One of my old backups (in this drama) restored and appeared to work but examination of the tar by extraction of every file revealed there was one mariadb file at least which was corrupt. It did not appear to affect the access to recent data nor prevent writing new data but …
I do not know the specifics of how HA backup integrity is checked but I do agree that some sort or check (checksum) should be performed/verified if it is not already. But that would not give me confidence that I could restore my environment because of other factors that could affect the restore process (including me just screwing something up ). So I immediately use the backup just taken and perform a series of functional tests to prove to myself that it is good (I hope to automate this functional check some day).
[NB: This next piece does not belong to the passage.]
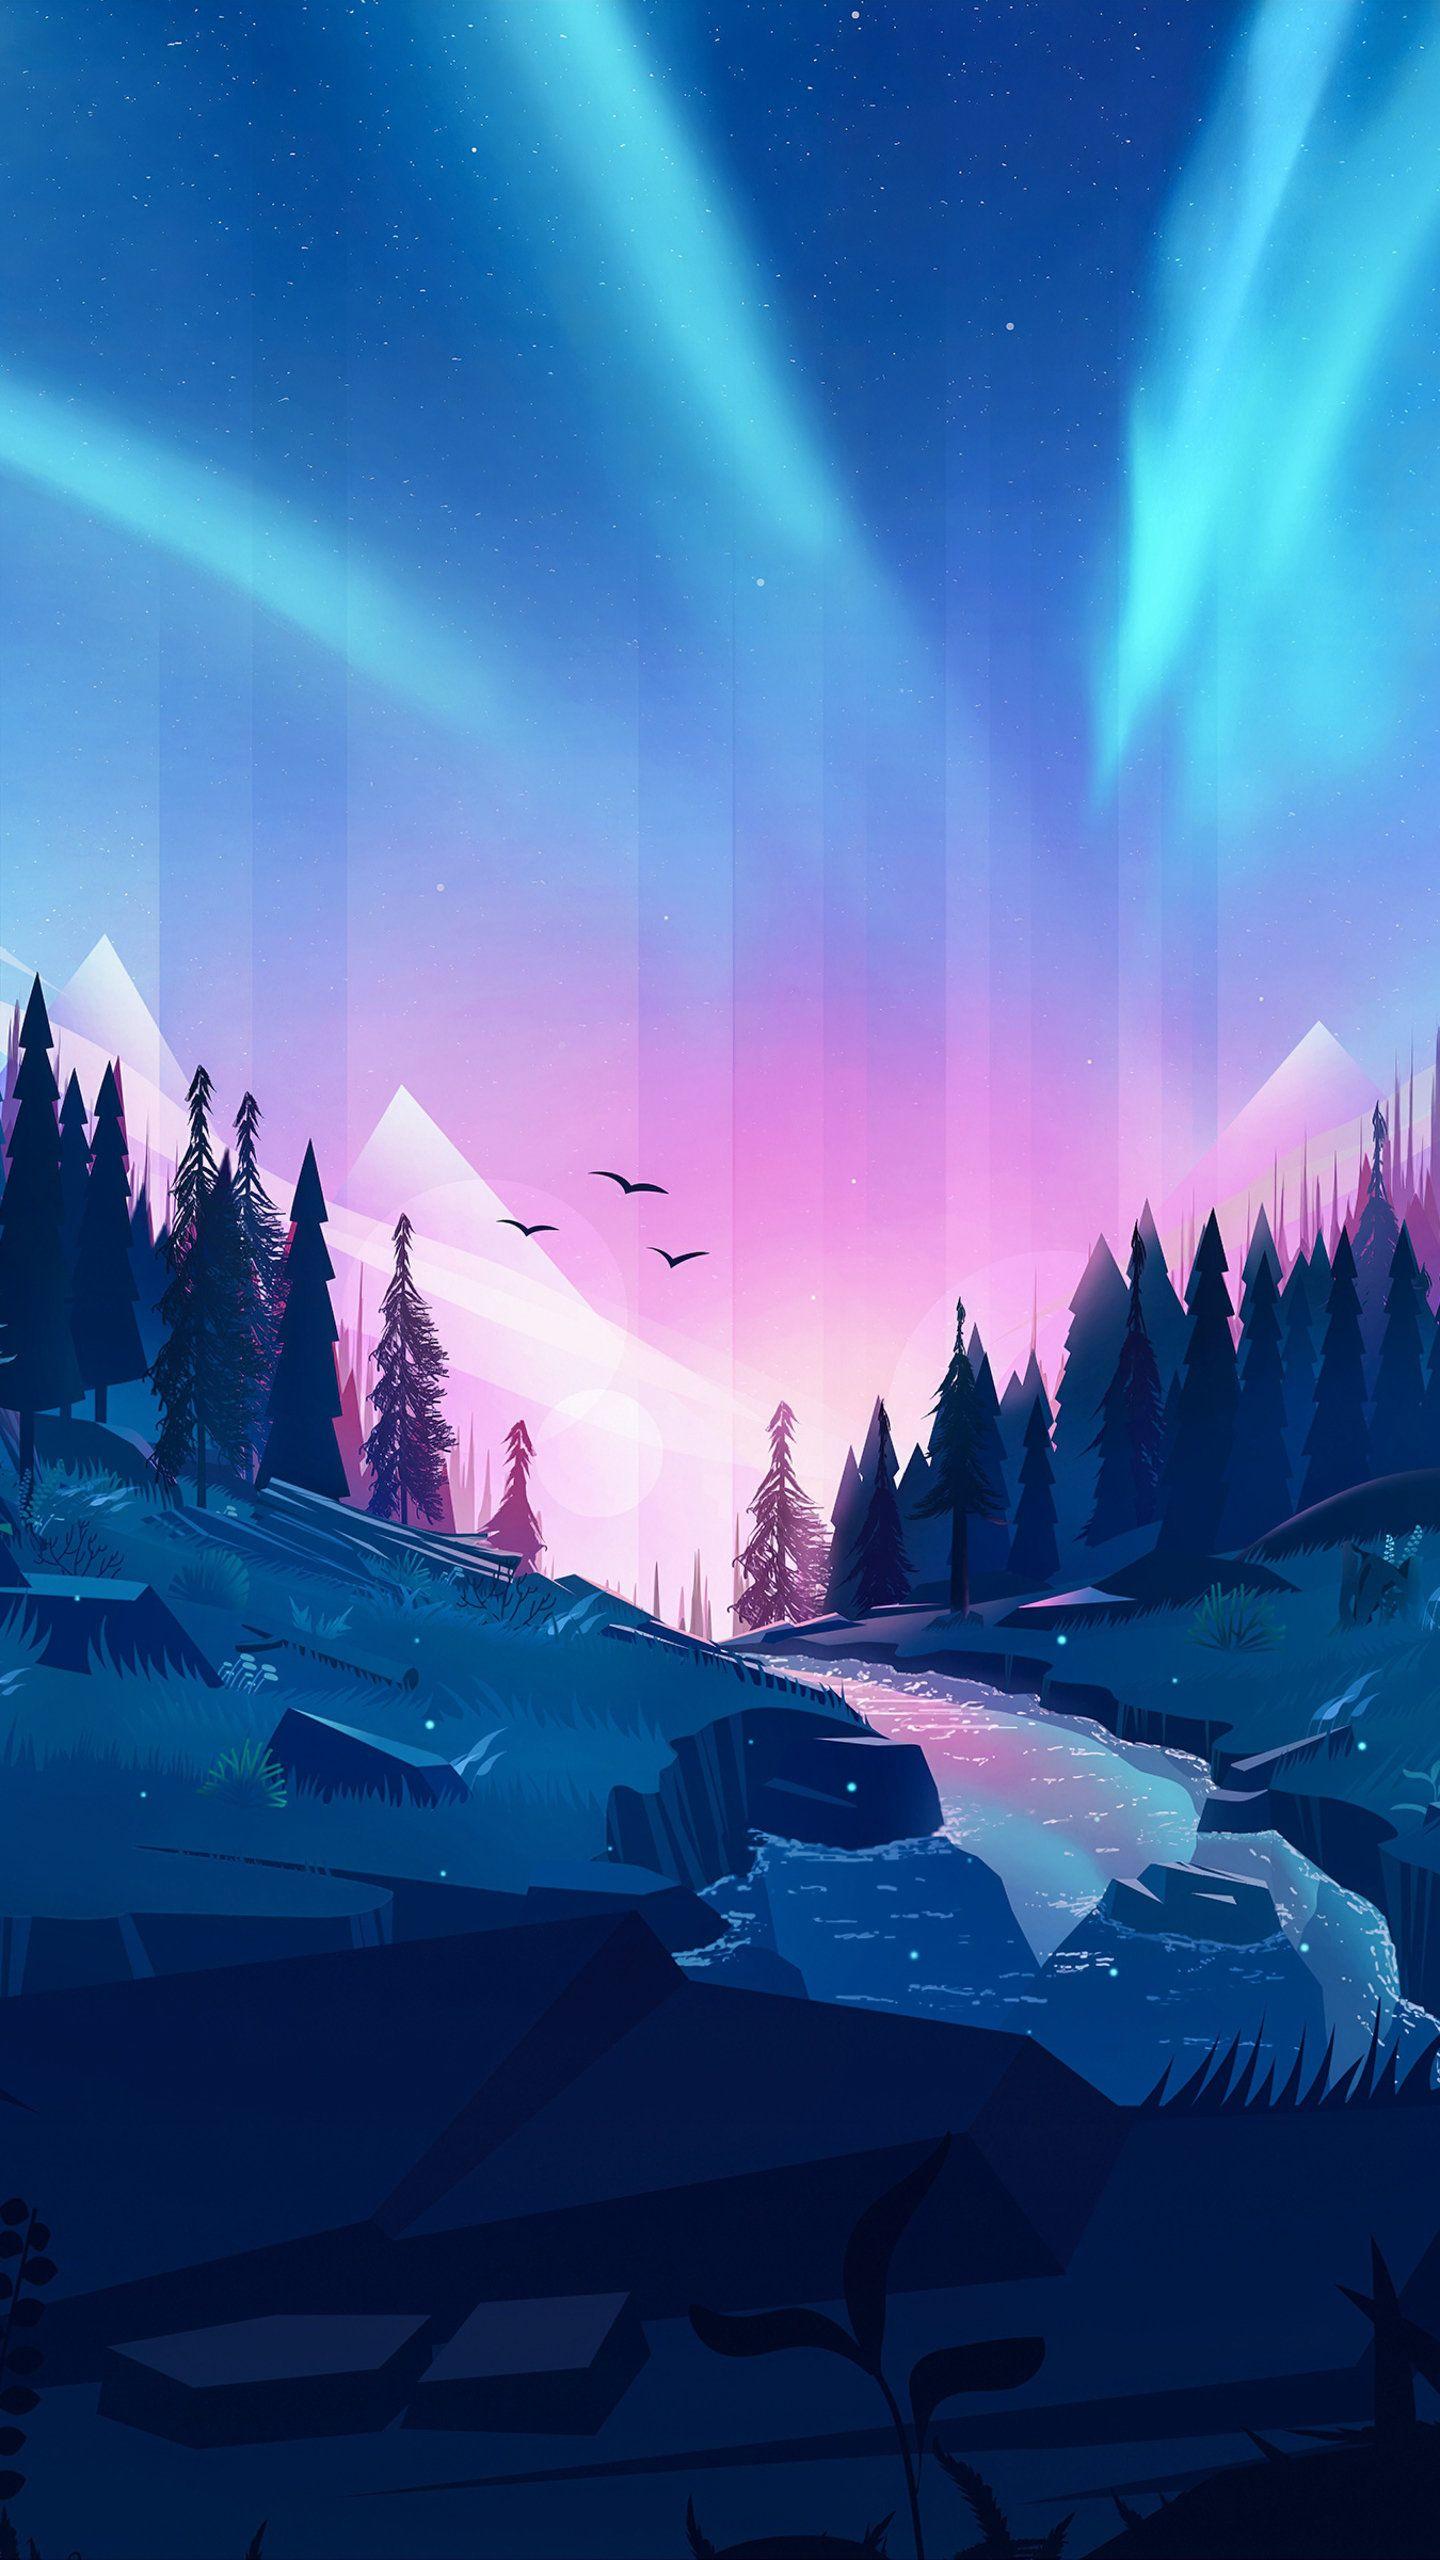 Auroral Forest 4k Illustration Hd Wallpaper Desktop Wallpaper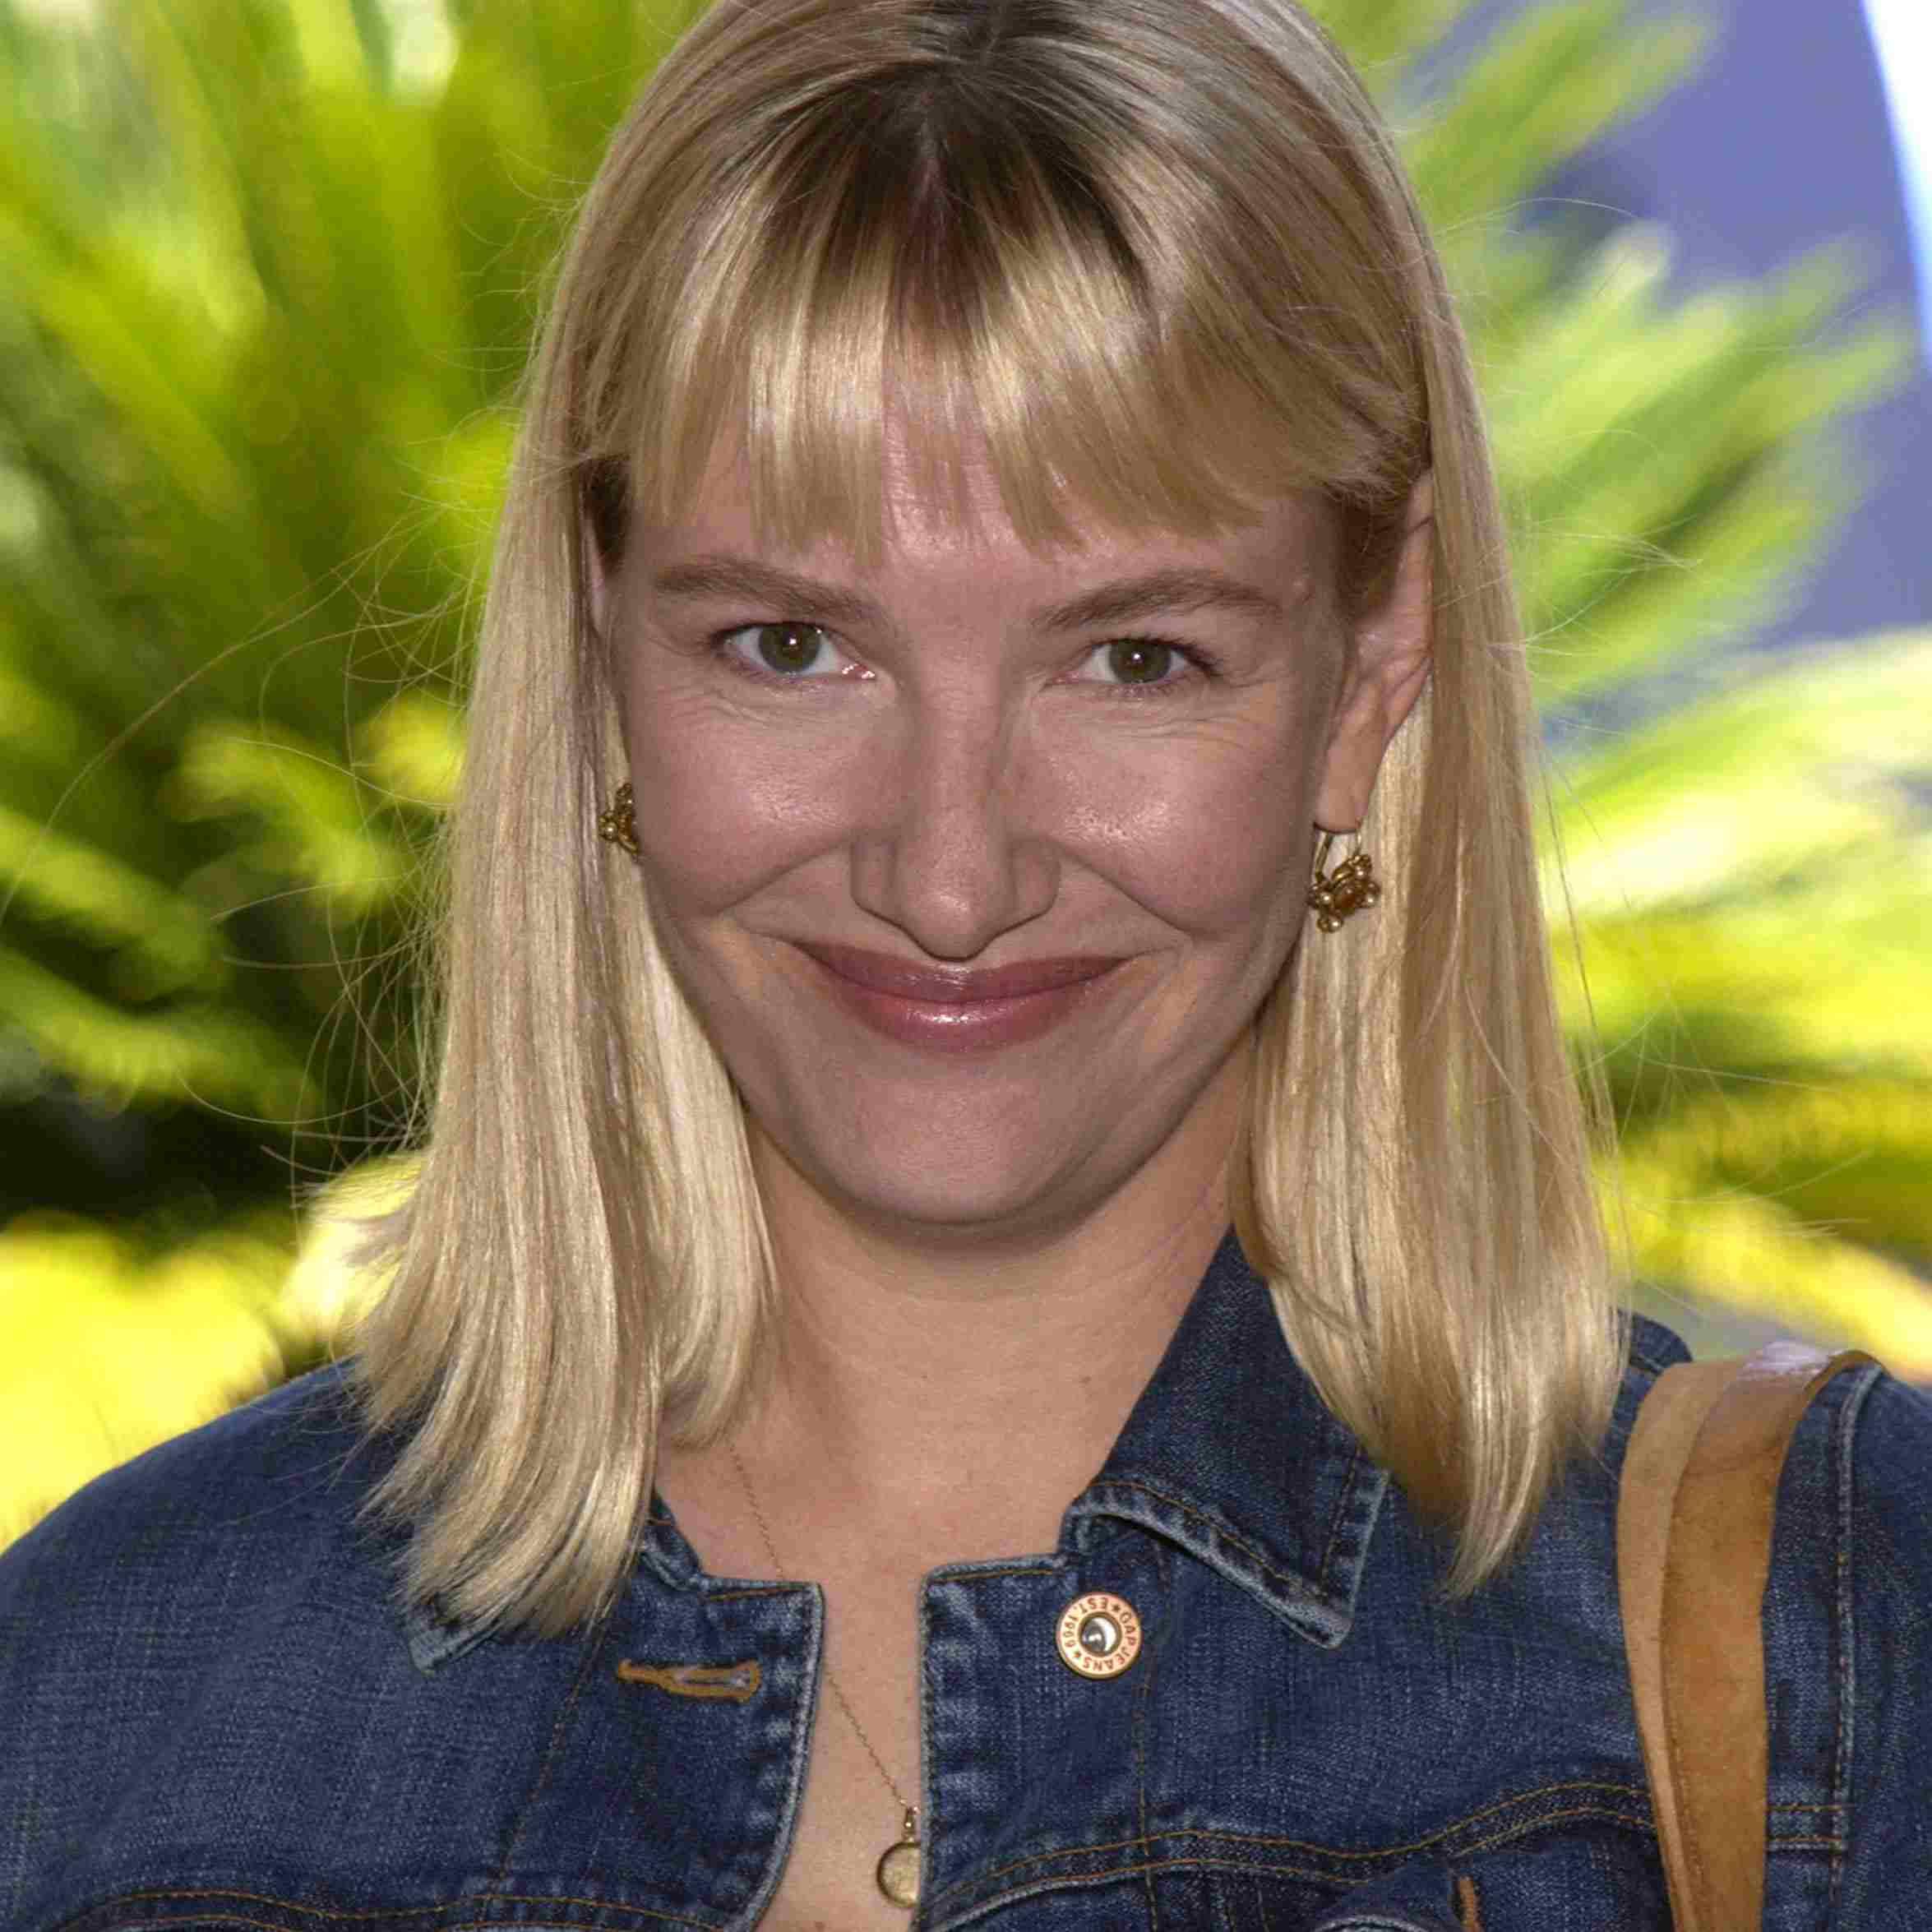 Ashley Gardner during Fox Broadcasting Summer 2002 Press Tour - Day 2 at Ritz Carlton Hotel in Pasadena, California, United States.

Yeap had a Backup that corrupt well HA wouldnt restore it
I unzip it with 7-zip which you see the addon Zips
then should be a homeassistant.tar.gz unzip that which created a homeassistant.tar unzip that on and you see the data folder or config folder and there is all you data
Got those scripts and automation back happy camper
KNOW a trick that MITE work dump that data folder into the Config folder and restart HA
BUT the wrong way pull the power out so HA does do a shutdown and restart it
and pray to the GODS PULLING POWER IS NOT A GOOD IDEA do at own risk.
I’d try to find a way to backup the 240gb SSD card - on to another card or PC - as that would be a complete image backup. I’d do this process before every upgrade. That way you have two working copies. You could even rotate cards.
Hi there. Is there anything new on this topic ? - I noticed that my automatic backups are systematically corrupt every day (tar: invalid tar magic). Looking into the backup file using the terminal, it shows that the /core_configurator.tar.gz is quite small and /core_mariadb.tar.gz is empty. Here is the observation:
I recall that it had been an issue years ago and that the problem was that the mariadb daemon was not stopped during the backup process. This had been resolved and, honestly, I have not looked at this for many months. Is there a regression on this ?